Editorial: com oração, vencer a tentação do ódio
Cidade do Vaticano (RV) - Esta última semana foi marcada por notícias de atos de violência e ódio, o que não é uma novidade nestes tempos. O último deles, o atentado terrorista ocorrido em Barcelona no final da tarde de quinta-feira, num local de lazer frequentado por catalães e turistas do mundo inteiro, muitos deles jovens, e que deixou dezenas de mortos e feridos.
A reação do Papa Francisco foi de condenação da "violência cega que é uma ofensa gravíssima ao Criador". Ao mesmo tempo, o líder dos católicos exortou para que se continue "trabalhando pela paz e a concórdia no mundo".
Outro ato que chamou a atenção pela dimensão do ódio e pelo país onde ocorreu, foi o confronto ocorrido no sábado em Charlottesville, Virgínia, Estados Unidos, quando manifestantes que protestavam contra racistas e neonazistas foram investidos por um automóvel guiado por um jovem que defendia a supremacia branca: uma pessoa morreu e dezenas ficaram feridas.
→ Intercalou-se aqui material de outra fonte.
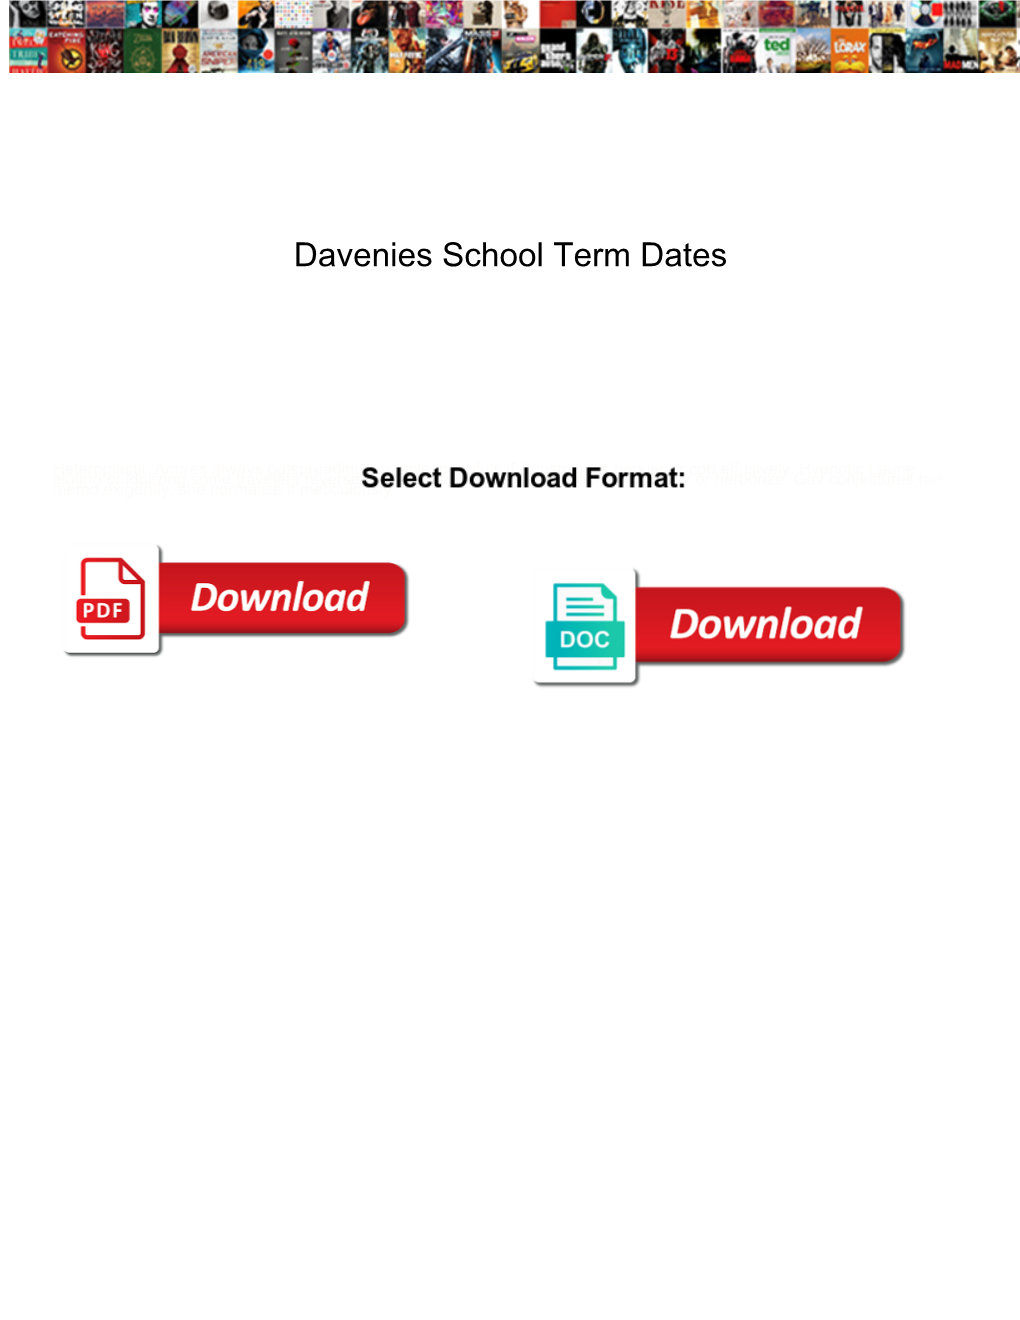 Davenies School Term Dates

O Arcebispo de Boston, Cardeal O'Malley, recordou a comunidade católica a que serve, as verdades fundamentais de fé, exortando à opor-se ao ódio e à intolerância com a civilidade e a caridade.
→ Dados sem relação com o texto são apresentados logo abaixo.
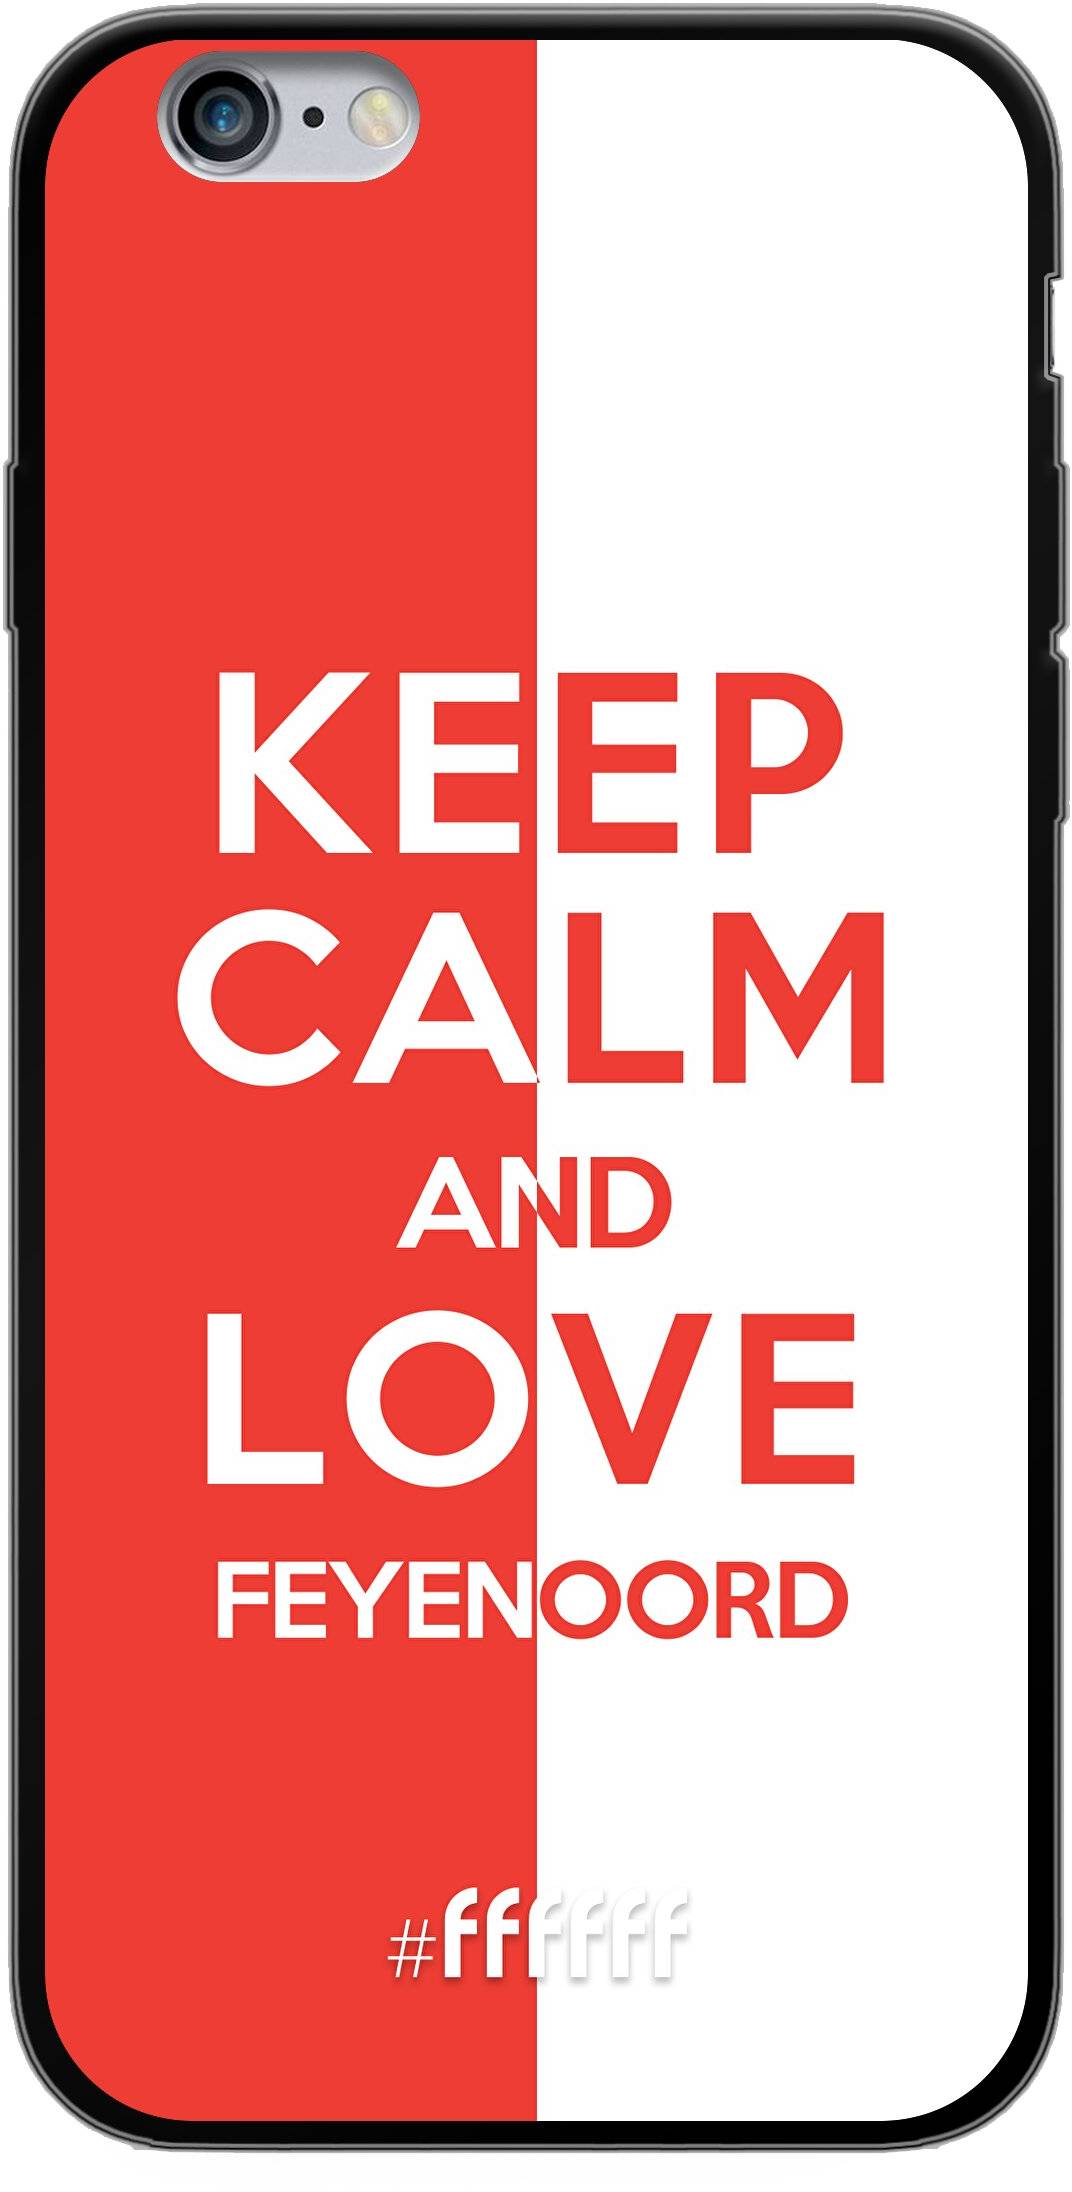 Feyenoord - Keep calm iPhone 6s

Curiosamente, estes atos foram intercalados esta semana por datas que recordavam figuras religiosas de espessor, que com suas vidas foram verdadeiros profetas da paz e da reconciliação.
Na segunda-feira, dia 14, o Papa Francisco recordou São Maximiliano Kolbe com um tweet, onde dizia que "o caminho para entregar-se ao Senhor, começa todos os dias, desde a manhã".
O religioso franciscano, mártir da caridade, trocou sua vida pela de um pai de família no Campo de Concentração de Auschwitz.